Hi @meren, writing back with an update. I ran the command with --ignore-genes-longer-than 40000
appended and have run into the same issue. I don't think this is a bug in your fix however based on the anvio output. Perhaps just an issue with my data?
Here's some of the last output from my command along with the contents of the log (identical to before):
WARNING
===============================================
SequencesForHMMHits class here.
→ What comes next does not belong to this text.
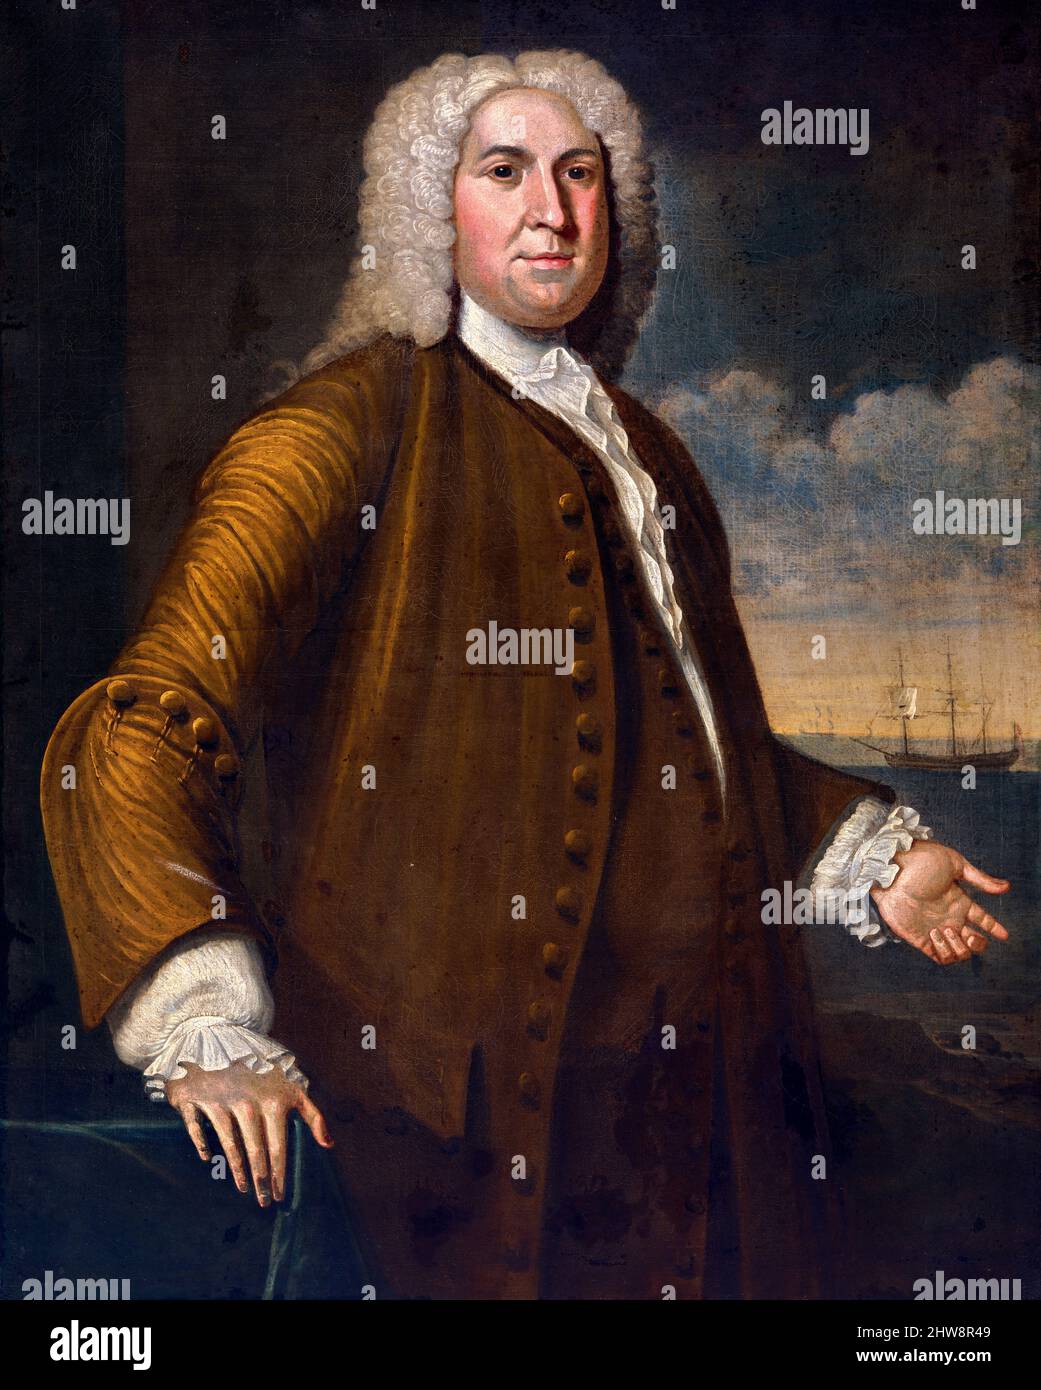 Porträt des amerikanischen Kaufmanns Peter Faneuil (1700-1743) von John Smibert, Öl auf Leinwand, c. 1742 Stockfoto

The current database (at /localdata/researchdriv
e/gkanaan/methylation_phylogeny/anvio_dbs/GCF_943192935_1_genomic.db) contains 0
HMM hits, at least within the HMM sources or splits that were requested. It
might not be a problem for your case, but we just thought you should know, in
case it is. So there you have it.
Sources ......................................: RM_DefenseFinder
Hits .........................................: 2109054 HMM hits for 1 source(s)
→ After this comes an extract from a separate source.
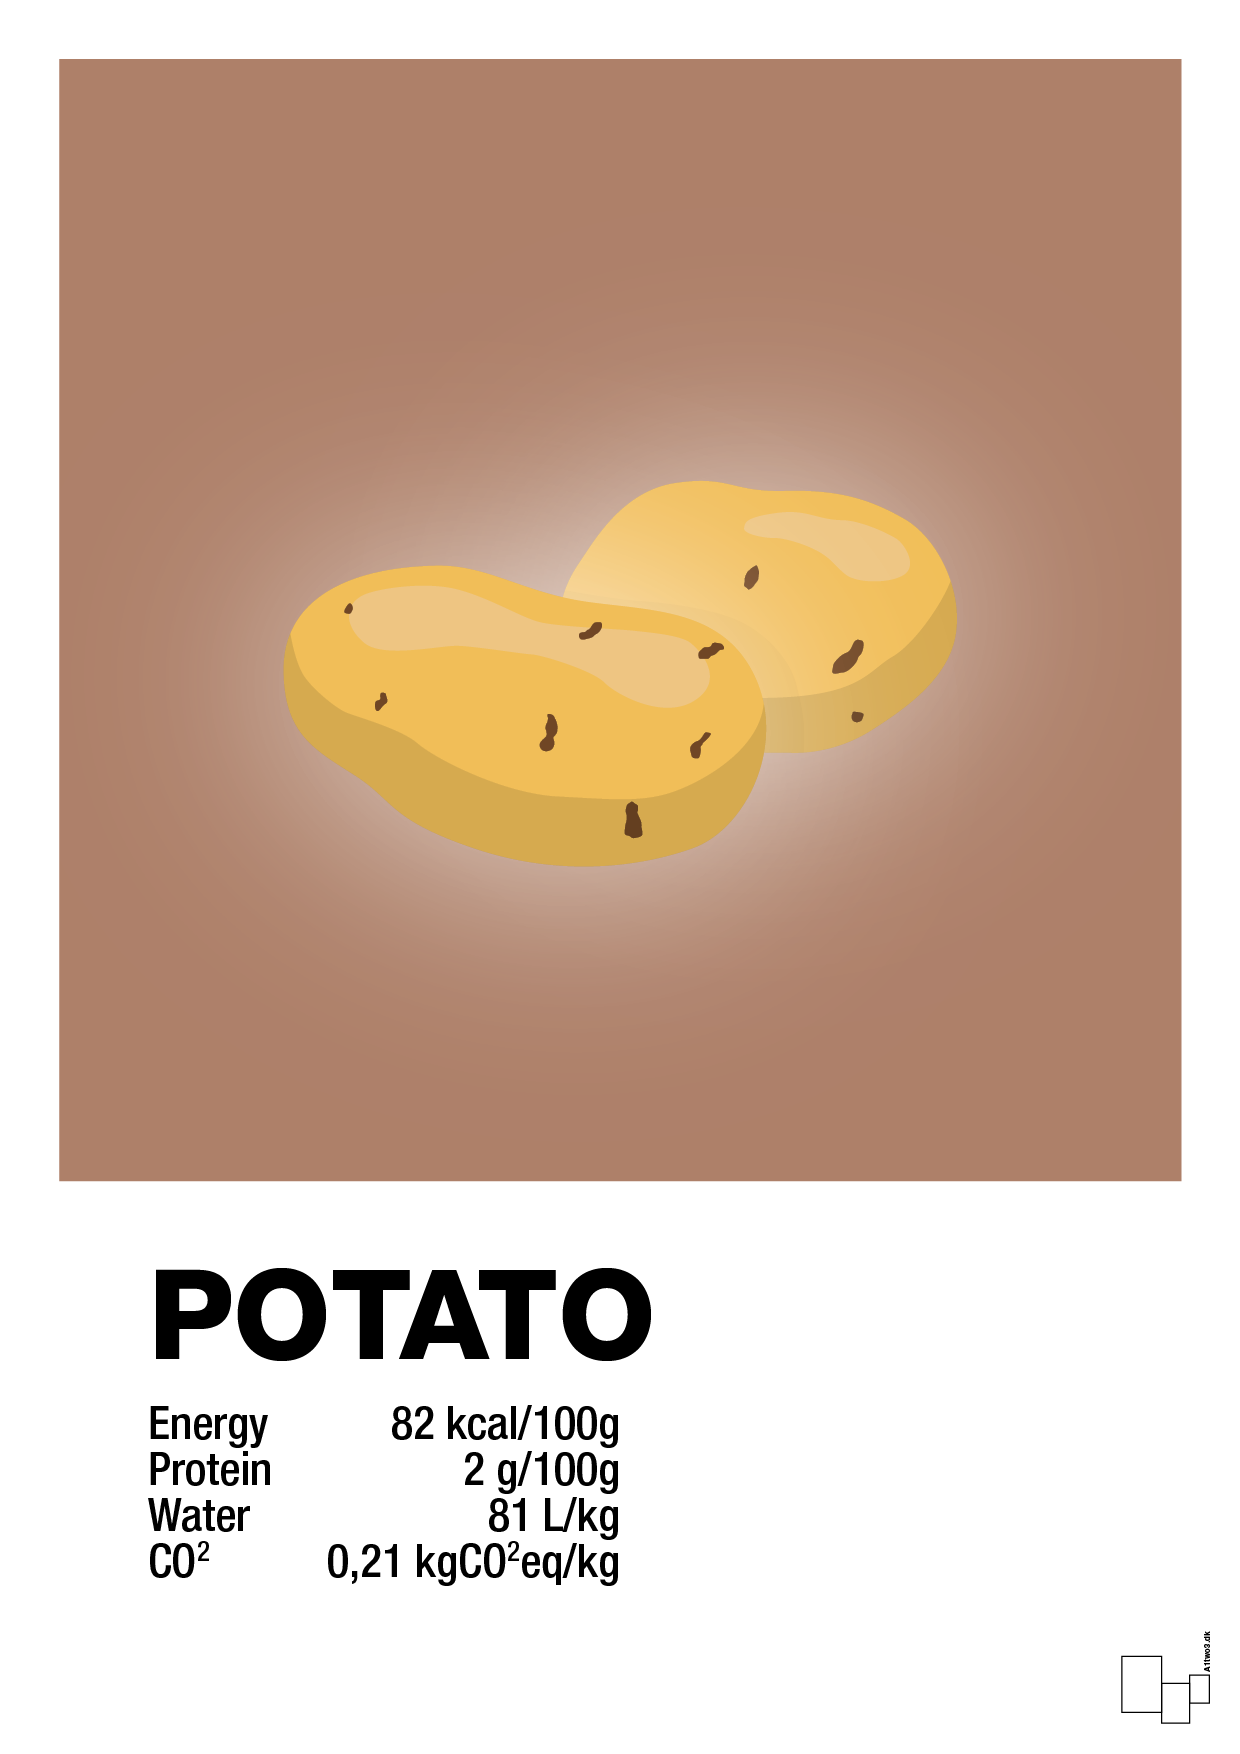 potato nutrition og miljø - Plakat med Mad & Drikke i Cider Spice

Genes of interest ............................: None
A MESSAGE FROM YOUR GENE LENGTH FILTER 📏
===============================================
You asked anvi'o to remove genes that are longer than 40000 nts from your HMM
hits. But none of the gene calls were longer than that value, so you get to keep
everything.
WARNING
===============================================
You requested only the best hits to be reported, which means, if, say, there are
more than one RecA hits in a bin for a given HMM source, only the one with the
lowest e-value will be kept, and others will be removed from your final results.
WARNING
===============================================
You requested to get only the best hits, but you did not provide a profile
database. At this point anvi'o just hopes you know what you are doing. Since
this is like the zone of 'potentially a terrible idea but it may be quite
relevant when done right'.
Filtered hits ................................: 1331928 hits remain after removing weak hits for multiple genes
CITATION
===============================================
The workflow you are using will likely use 'muscle' by Edgar,
doi:10.1093/nar/gkh340 (http://www.drive5.com/muscle) to align your sequences.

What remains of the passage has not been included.